Teams using Postgres, SqlClient, schema, migrations, mappers should expect a more consistent output, faster repeated execution, less prompt rewriting.
When to use this skill
- You want a reusable workflow that can be run more than once with consistent structure.
When not to use this skill
- You only need a quick one-off answer and do not need a reusable workflow.
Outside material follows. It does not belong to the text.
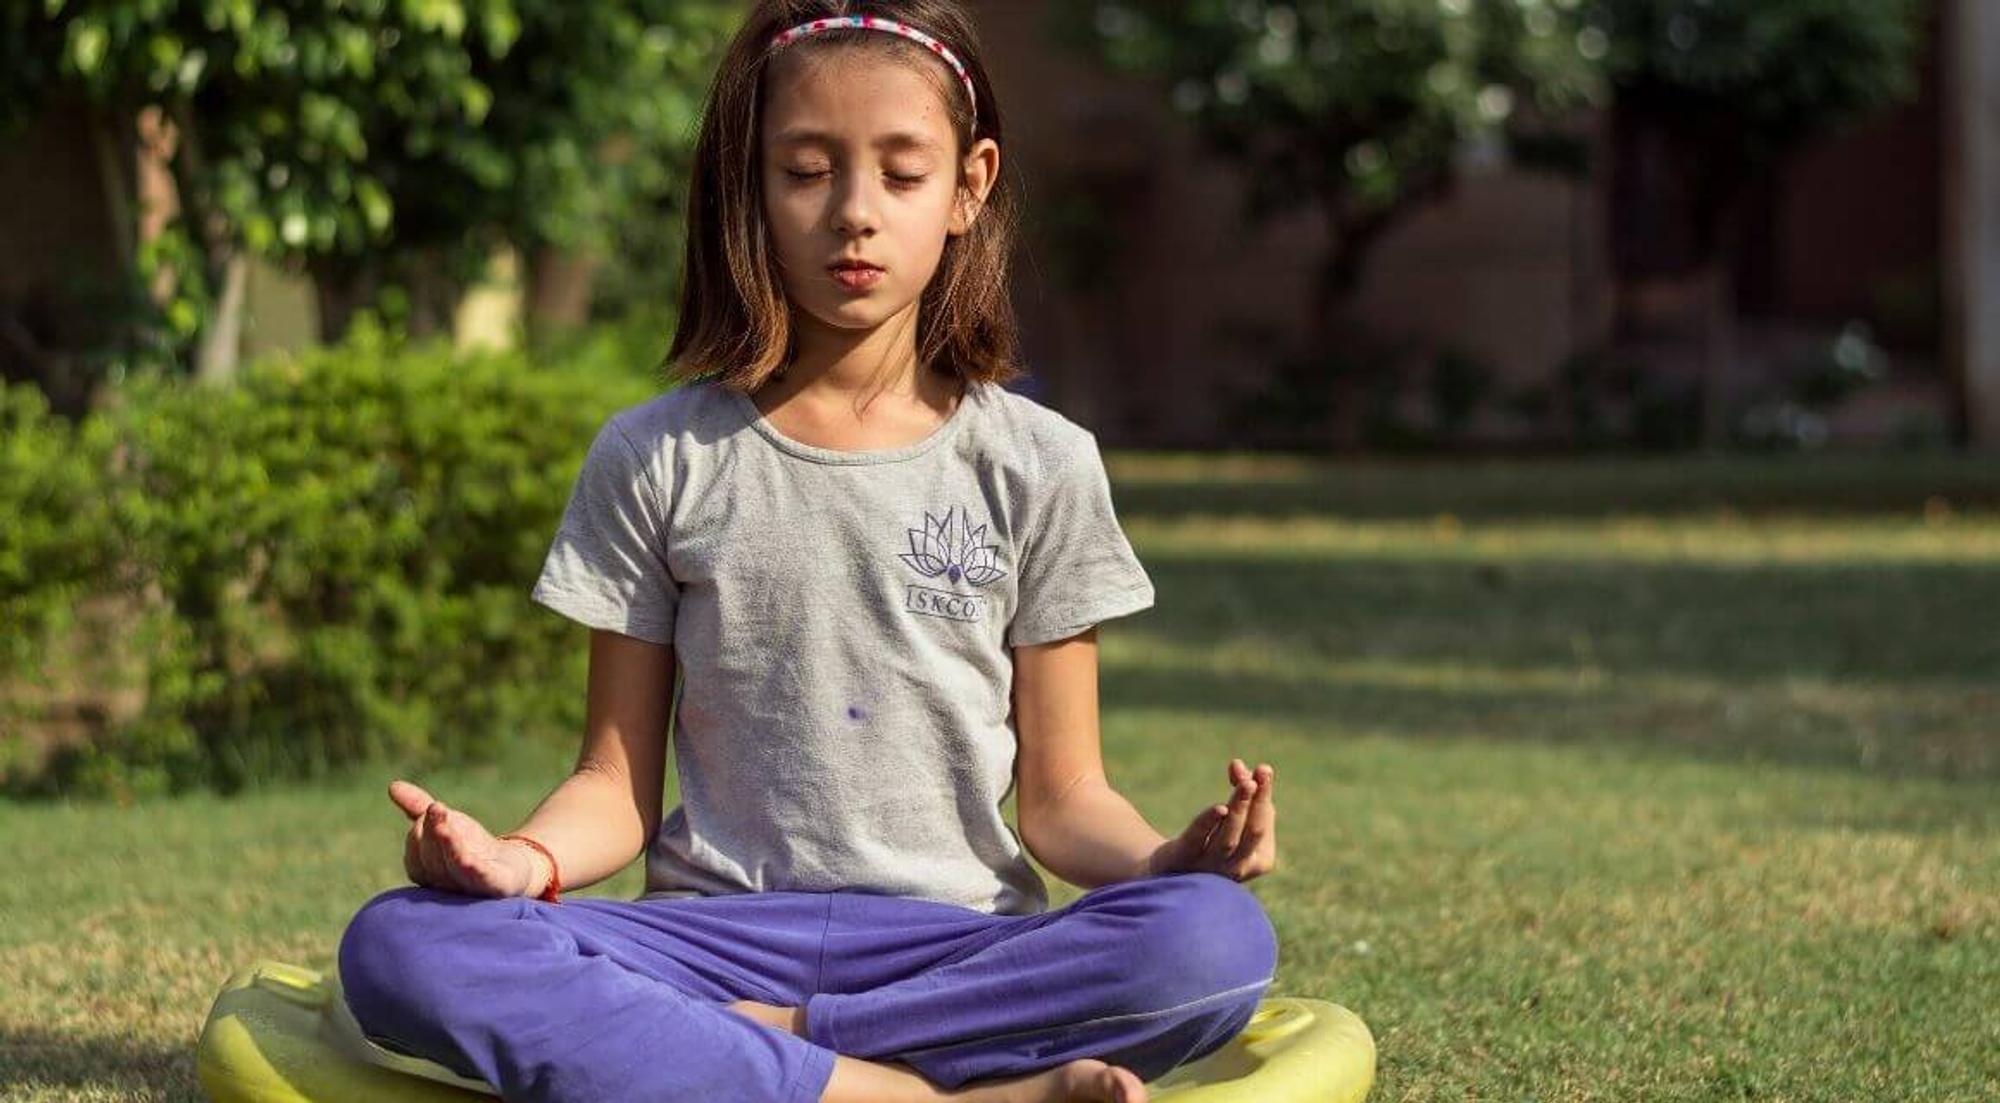 Hund, Katze, Kuh – spielerisches Yoga für Kinder

- You cannot install or maintain the underlying files, dependencies, or repository context.
Installation
Claude Code / Cursor / Codex
Manual Installation
- Download SKILL.md from GitHub
- Place it in
.claude/skills/database-postgres/SKILL.mdinside your project - Restart your AI agent — it will auto-discover the skill
How Postgres, SqlClient, schema, migrations, mappers Compares
| Feature / Agent | Postgres, SqlClient, schema, migrations, mappers | Standard Approach |
|---|---|---|
| Platform Support | Not specified | Limited / Varies |
| Context Awareness | High | Baseline |
| Installation Complexity | Unknown | N/A |
Frequently Asked Questions
What does this skill do?
**When to use:** Drizzle schema, repositories, RLS, SqlClient wiring, Postgres migrations, `psql` / reset, or platform mappers (`toDomain*` / `toInsertRow`).
Where can I find the source code?
You can find the source code on GitHub using the link provided at the top of the page.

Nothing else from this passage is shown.